Let X_1, \ldots , X_ n \stackrel{iid}{\sim } \mathbf{P} for some distribution \, \mathbf{P}\,, and let F denote its cdf. Let F_ n denote the empirical cdf. Then it holds for every t \in \mathbb {R} that
\sqrt{n} (F_ n(t) - F(t)) \xrightarrow [n \to \infty ]{(d)} \mathcal{N}(0, \sigma ^2)
for any fixed t and for some asymptotic variance \sigma ^2. What is the asymptotic variance \sigma ^2 of F_ n(0) in terms of the values of the cdf F? (Enter F(x) for F(x) for any numerical value x.)
\, \sigma ^2 = \,
To find the asymptotic variance σ^2 of F_n(0), we need to consider the properties of the empirical cdf F_n.
The empirical cdf F_n is defined as the fraction of observations that are less than or equal to t:
F_n(t) = \frac{1}{n}\sum_{i=1}^{n} I(X_i \leq t),
where I(X_i \leq t) is the indicator function taking the value 1 if X_i \leq t and 0 otherwise.

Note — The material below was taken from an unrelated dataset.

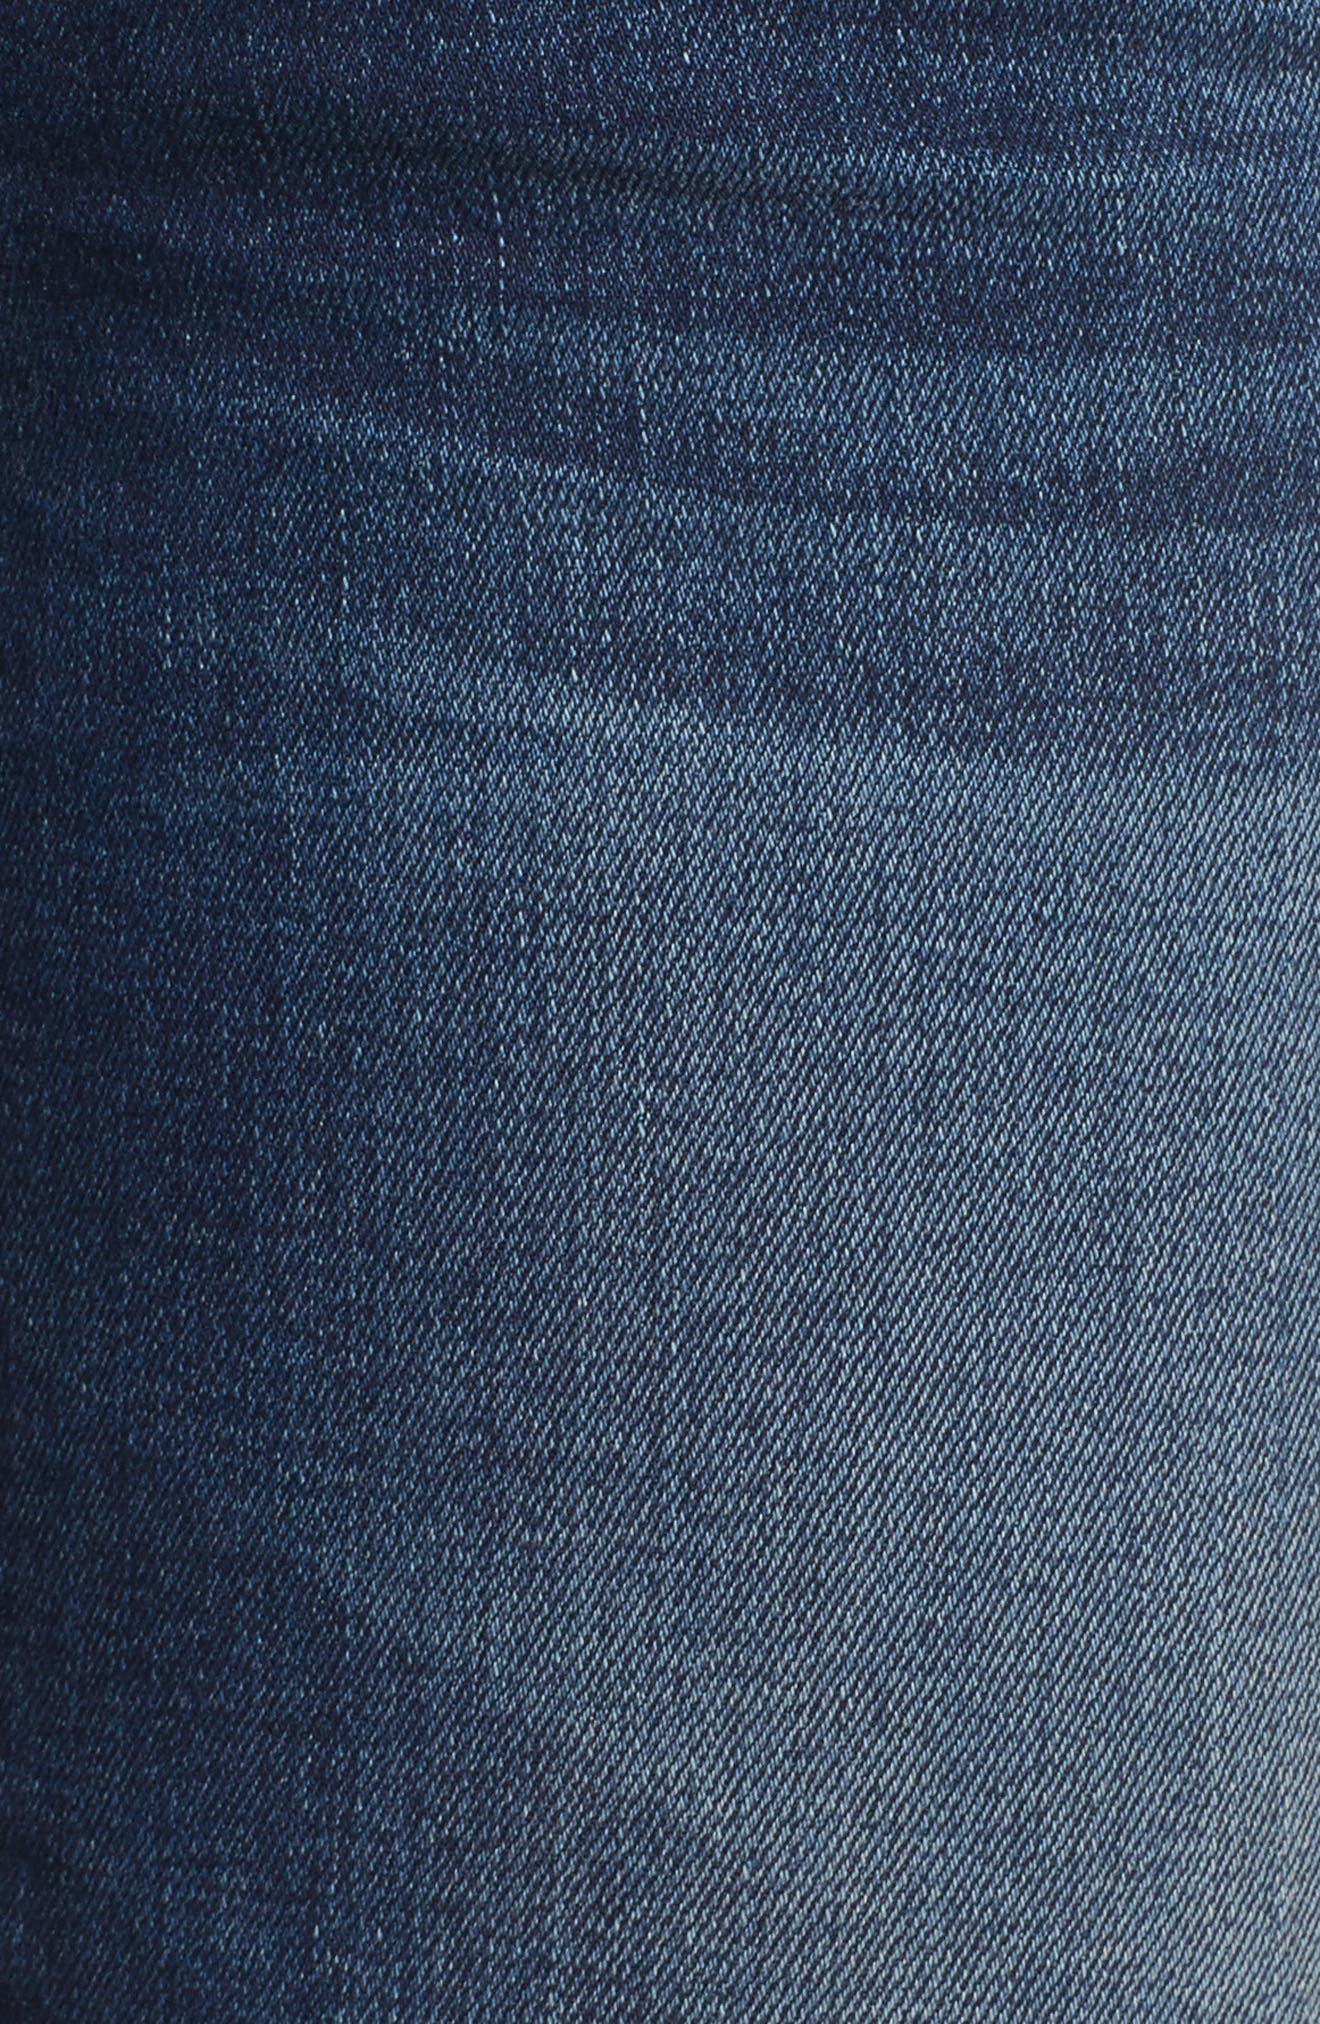 Emma Rose Embroidered Step Hem Jeans,                             Alternate thumbnail 5, color,                             400

At t = 0, the empirical cdf F_n(0) represents the fraction of observations that are less than or equal to 0:
F_n(0) = \frac{1}{n}\sum_{i=1}^{n} I(X_i \leq 0).
To find the asymptotic variance σ^2, we need to consider the distribution of \sqrt{n} (F_n(0) - F(0)) as n tends to infinity.
Using the Central Limit Theorem, we know that \sqrt{n} (F_n(t) - F(t)) converges in distribution to a standard normal distribution:
\sqrt{n} (F_n(t) - F(t)) \xrightarrow [n \to \infty ]{(d)} \mathcal{N}(0, 1),
where \mathcal{N}(0, 1) represents a standard normal distribution.
In our case, we are interested in t = 0:
\sqrt{n} (F_n(0) - F(0)) \xrightarrow [n \to \infty ]{(d)} \mathcal{N}(0, 1).
Therefore, the asymptotic variance σ^2 of F_n(0) is 1.
To find the asymptotic variance \(\sigma^2\) of \(F_n(0)\), we can use the Delta Method.
The Delta Method states that if \(\sqrt{n}(Y_n - \theta) \xrightarrow[]{(d)} \mathcal{N}(0, \sigma^2)\), and \(g\) is a differentiable function, then \(\sqrt{n}(g(Y_n) - g(\theta)) \xrightarrow[]{(d)} \mathcal{N}(0, \sigma^2[g'(\theta)]^2)\).
In this case, \(Y_n = F_n(0)\) and \(\theta = F(0)\). We need to find the derivative of \(F\) at 0, denoted as \(F'(0)\), to calculate the asymptotic variance.
Taking the derivative of \(F\) with respect to \(t\), we get:
\(f(t) = \frac{d}{dt} F(t)\)
Now, let's substitute \(t = 0\) in the above equation:
\(f(0) = \frac{d}{dt} F(0)\)
The derivative of the cdf at \(t = 0\) gives us the value of the pdf at \(t = 0\). Let's denote this value as \(f(0)\).
Therefore, \(f(0) = F'(0)\).
Finally, using the Delta Method, the asymptotic variance \(\sigma^2\) of \(F_n(0)\) is given by:
\[\sigma^2 = [f(0)]^2\]
So, the asymptotic variance \(\sigma^2\) of \(F_n(0)\) can be obtained by evaluating \([f(0)]^2\), where \(f(0) = F'(0)\).